▸ **Your goal**
With pictures removed, print the listing exactly.

▸ **Data extract**
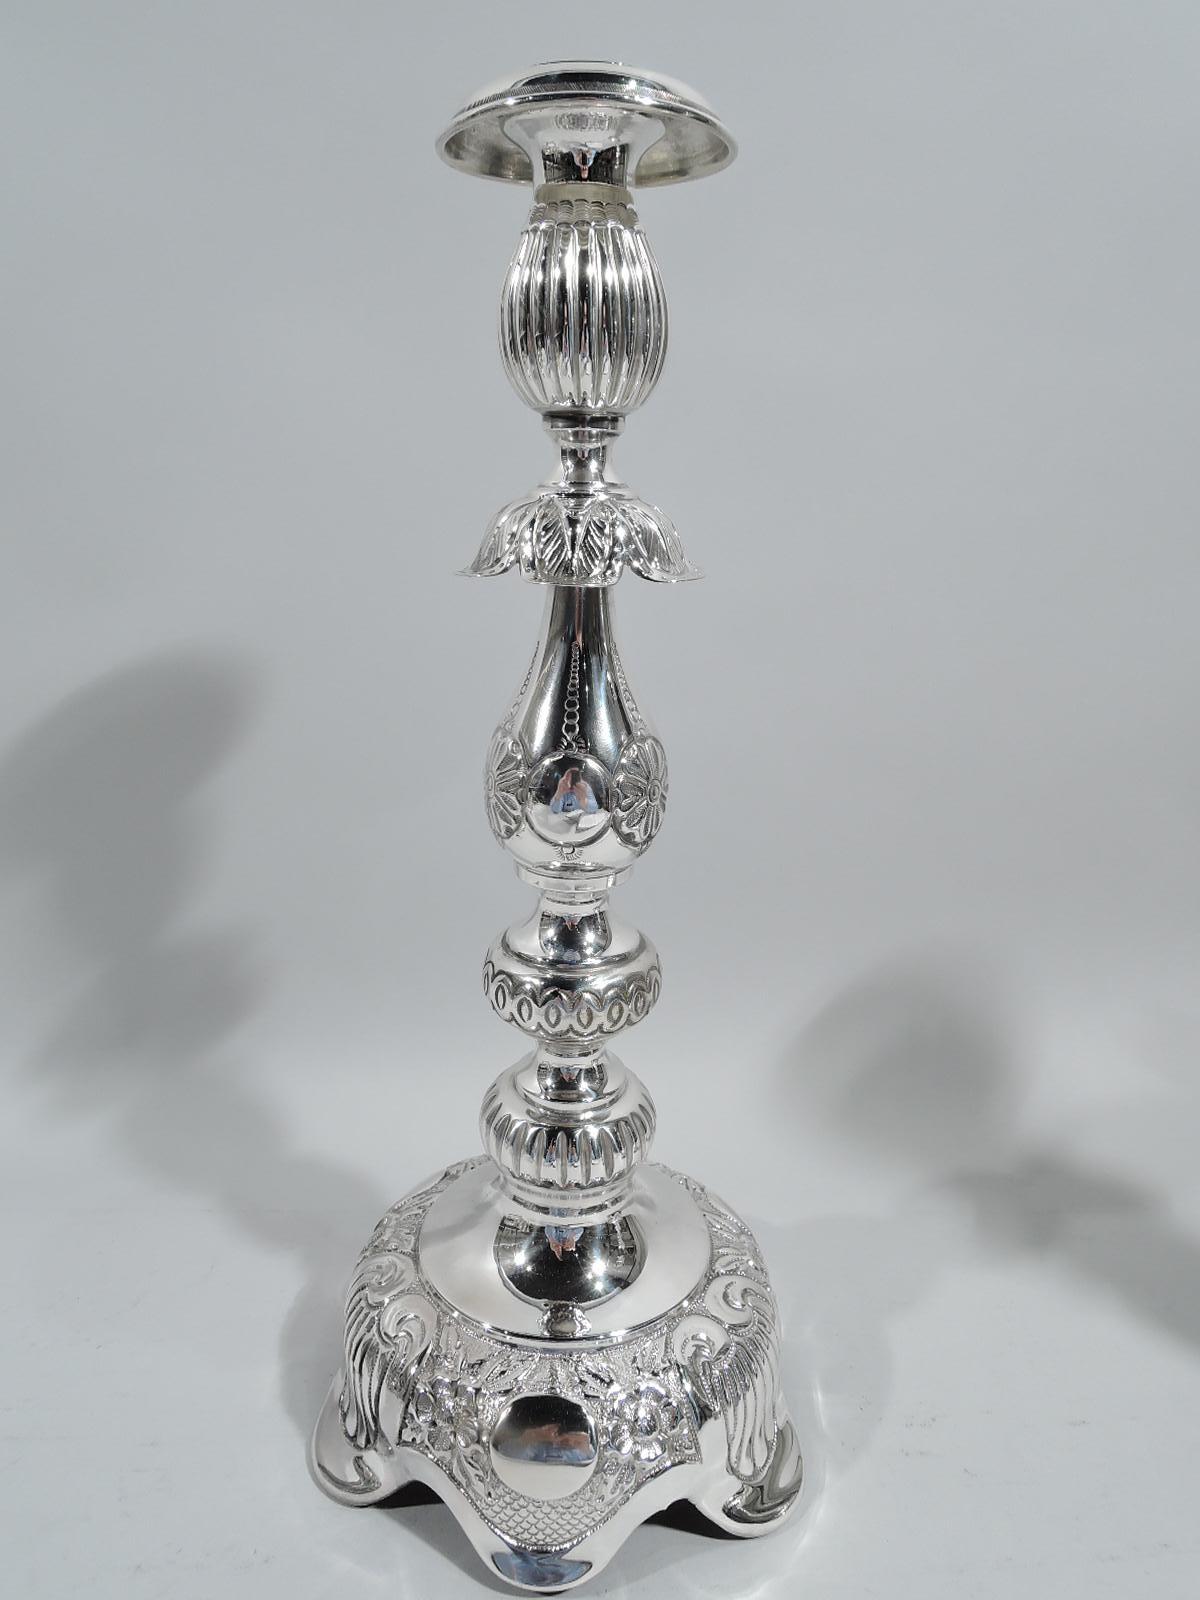 Pair of Old Country sterling silver candlesticks, ca 1920. Each: Baluster shaft with double knops and leaf flange on domed foot with deeply scrolled rim. Naïve ornament including flowers, shells, fish scales, and guilloche. In traditional Russian or
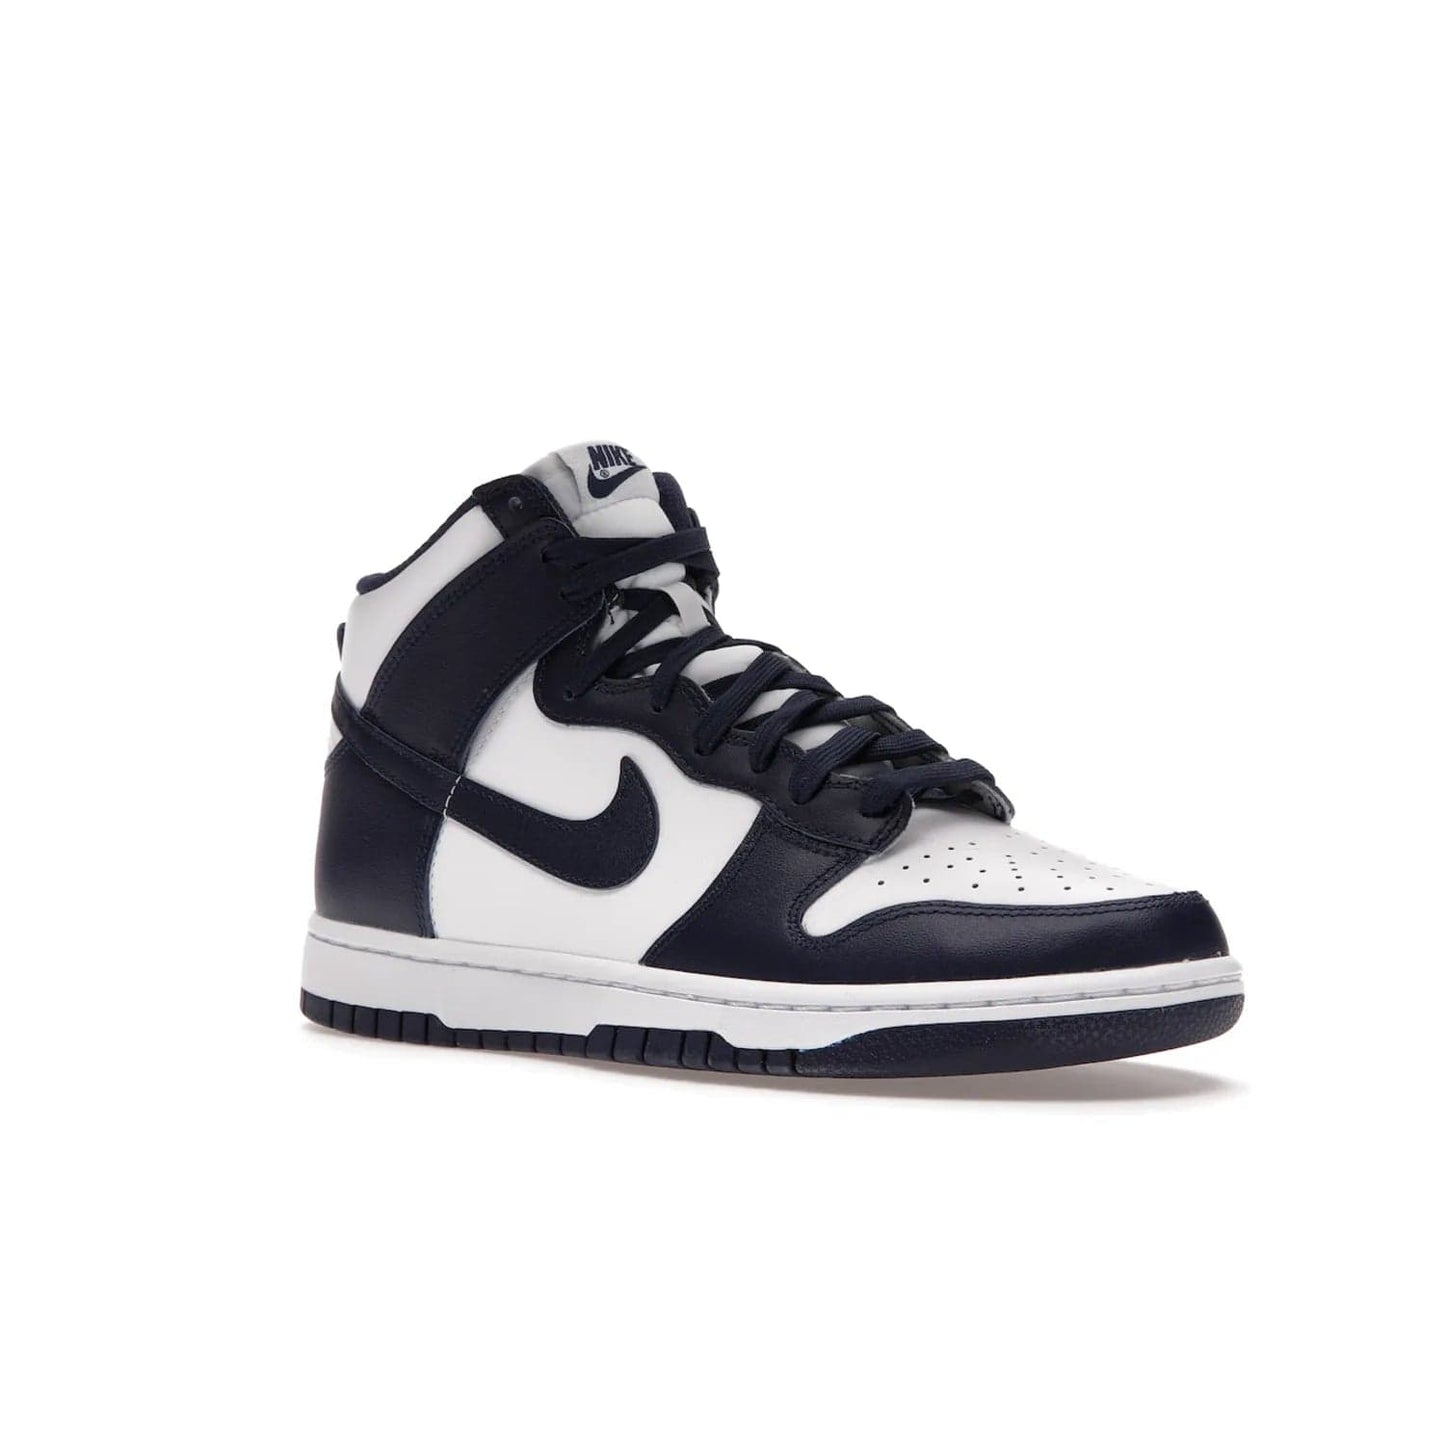 Nike Dunk High Championship Navy - Image 5 - Only at www.BallersClubKickz.com - Classic athletic style meets striking color-blocking on the Nike Dunk High Championship Navy. A white leather upper with Championship Navy overlays creates a retro look with a woven tongue label and sole. Unleash your inner champion with the Nike Dunk High Championship Navy.
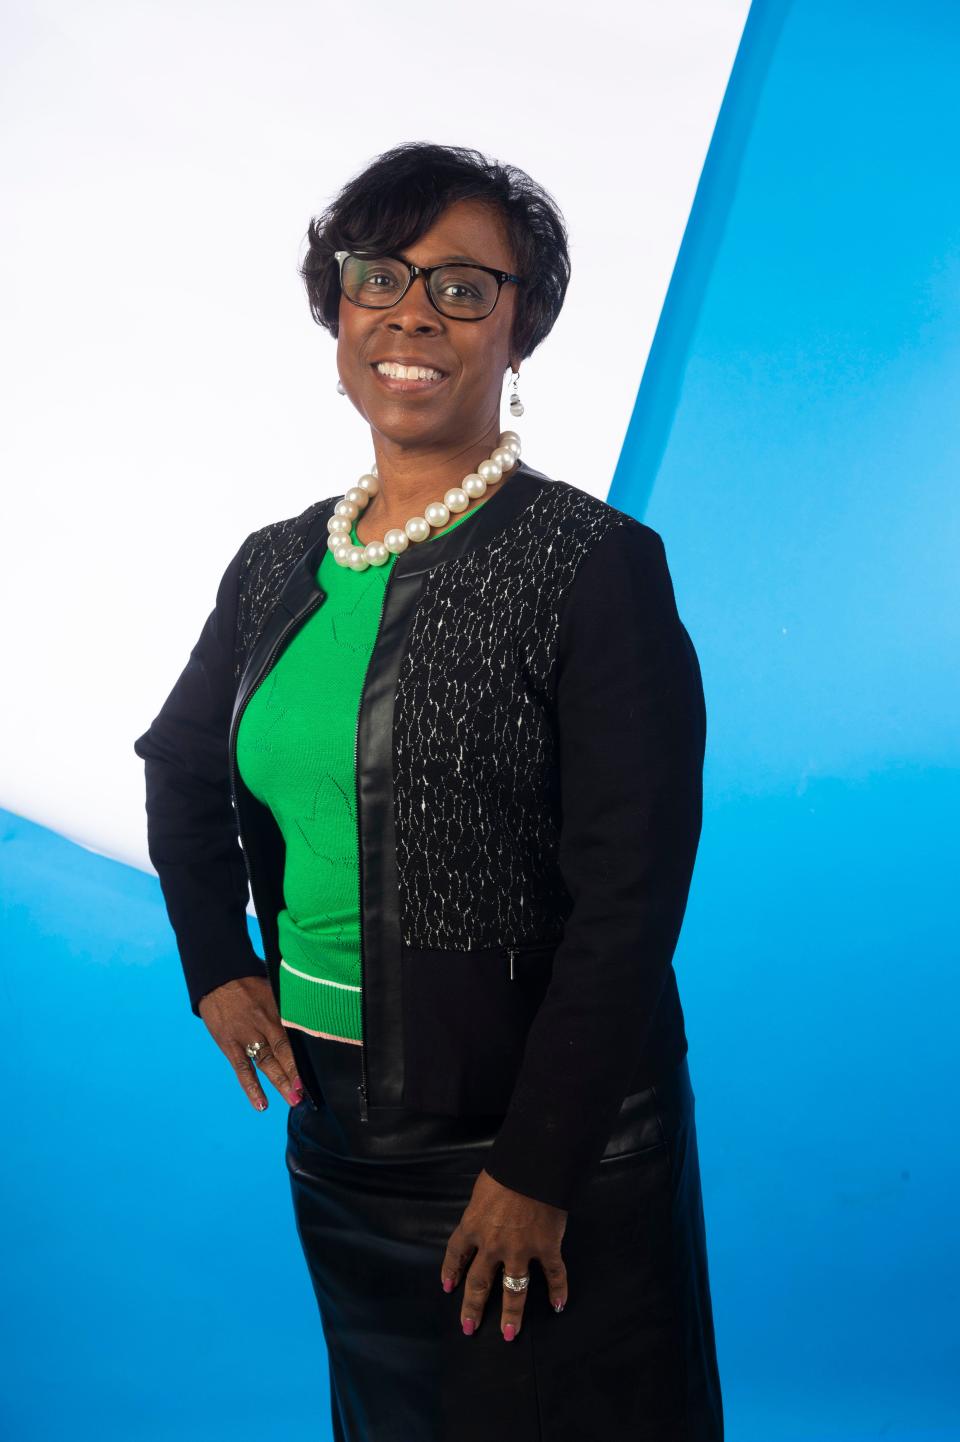 Cynthia J. Finch, Executive Director of New Direction Health Care Solutions, Inc., photographed in the Knox News photo studio in Knoxville, Tenn. on Thursday, Feb. 24, 2022.

▸ **Task result**
 Pair of Old Country sterling silver candlesticks, ca 1920. Each: Baluster shaft with double knops and leaf flange on domed foot with deeply scrolled rim. Naïve ornament including flowers, shells, fish scales, and guilloche. In traditional Russian or
 Nike Dunk High Championship Navy - Image 5 - Only at www.BallersClubKickz.com - Classic athletic style meets striking color-blocking on the Nike Dunk High Championship Navy. A white leather upper with Championship Navy overlays creates a retro look with a woven tongue label and sole. Unleash your inner champion with the Nike Dunk High Championship Navy.
 Cynthia J. Finch, Executive Director of New Direction Health Care Solutions, Inc., photographed in the Knox News photo studio in Knoxville, Tenn. on Thursday, Feb. 24, 2022.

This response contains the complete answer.